Asking Jaine of her memories of the tours I asked if she had any favourite gigs from her time as lighting tech. “Les Bains Douche in Paris. I love Paris, and this particular venue was really trendy and arty. It had sunken baths in it or something like that.” (In fact it seems to have been a multi-functioning venue – concert hall, discotheque, restaurant and bar with an in-ground swimming pool as its main focal point). “It was an amazing place to play in. Also Kant Kino in Berlin was very cool.”

My final question to Jaine was “what are your favourite Simple Minds songs of the period?”
“Someone Somewhere In Summertime is one. I really like that. Of the earlier stuff? There’s one called [In Your] Room that’s really good. These two are my particular favourites.”

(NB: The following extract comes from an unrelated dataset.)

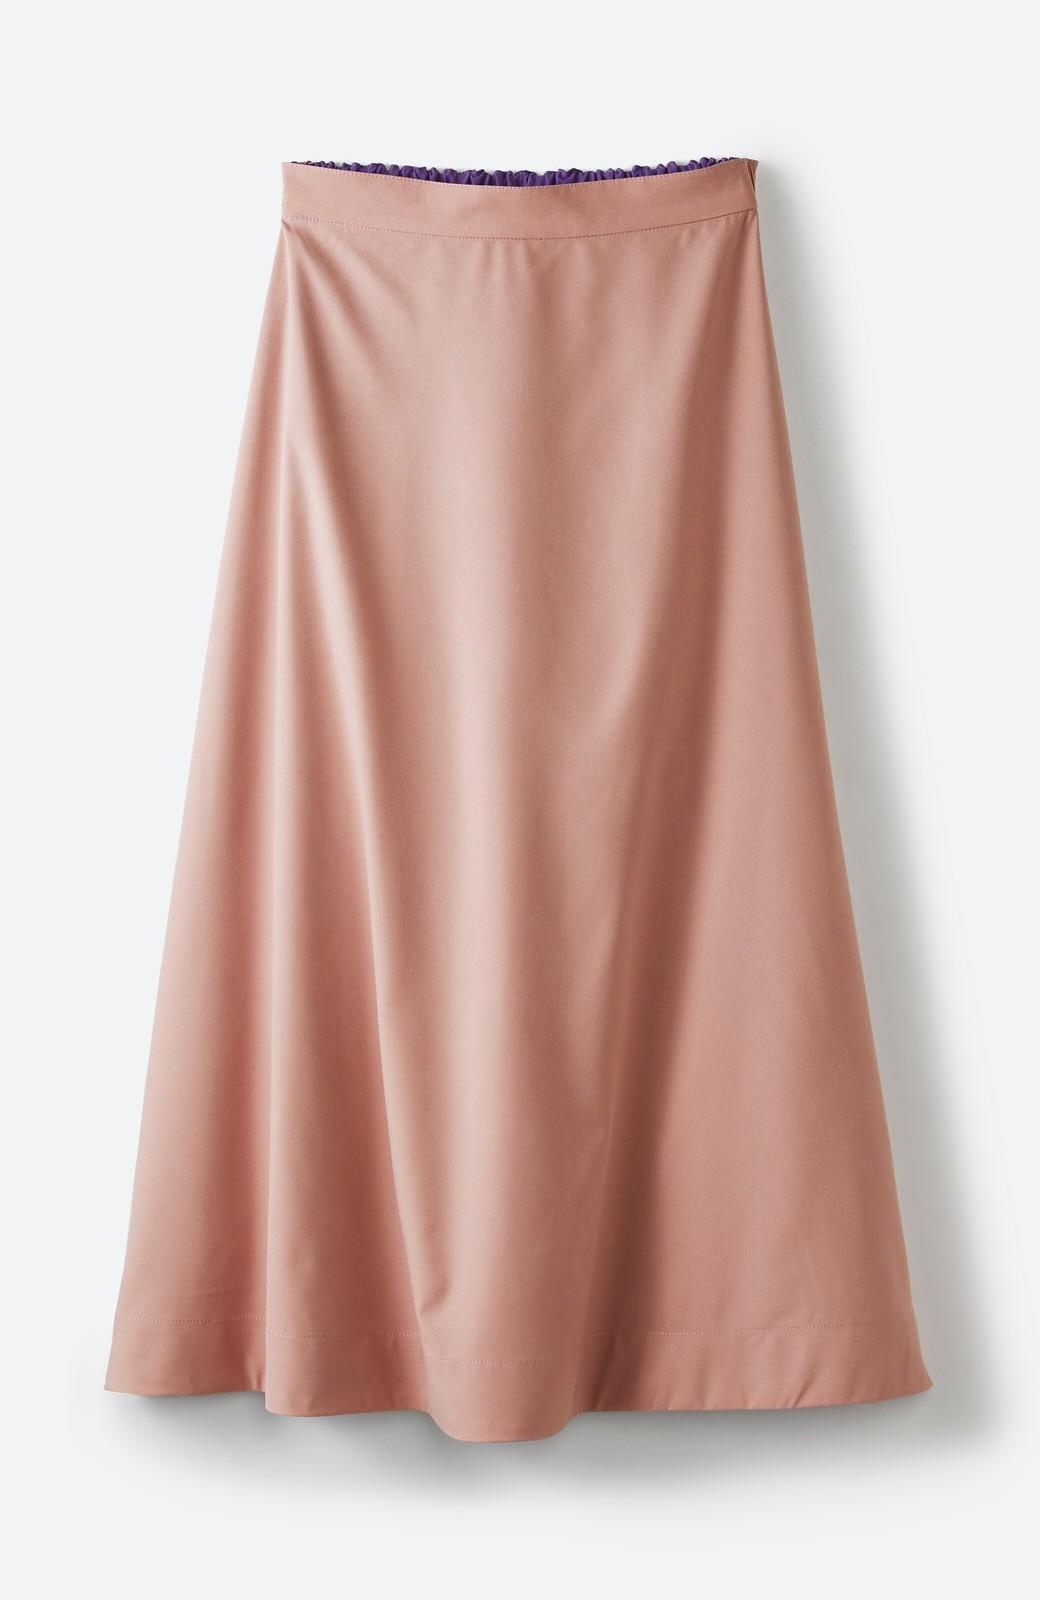 haco! オフィスにもデートにも! 便利なのはきれいに見えて楽ちんなリバーシブルスカート <ピンク系その他>の商品写真4

My thanks to Jaine for affording me the time for the interview. Her time was greatly appreciated.

The final words I shall leave to Jim. What follows is an extract of a post from Simple Minds Official Facebook page in which Jim talks of Jaine on what had been a recent visit to Sicily, highlighting the intrinsic role Jaine (along with others) played for the early Simple Minds.

“They say that ‘No man is an island.’ I would add to that ‘No band is an island’. And what I mean is that for Simple Minds to happen, it took more than just a bunch of musicians (no matter how talented) getting in a room together. That in my view is often the end product.

The real beginning for any artist is the scene that you grow out of. The people you hung out with. Those who influenced, unknowingly of course, turning you on to all manner of new stuff. Could be music, films, theatre, fashion, books. You name it? In doing so they all help create the landscape that gives birth to your own imagination. And at the end of the day creativity is largely all about imagination, and how much of it that you really have?

All I can tell you now is that Simple Minds owe a ton of our success to all the other Glasgow kids that we hung out with back in the day. They all helped set our imagination on fire. That fire still burns and their influence is very much still a part of us.”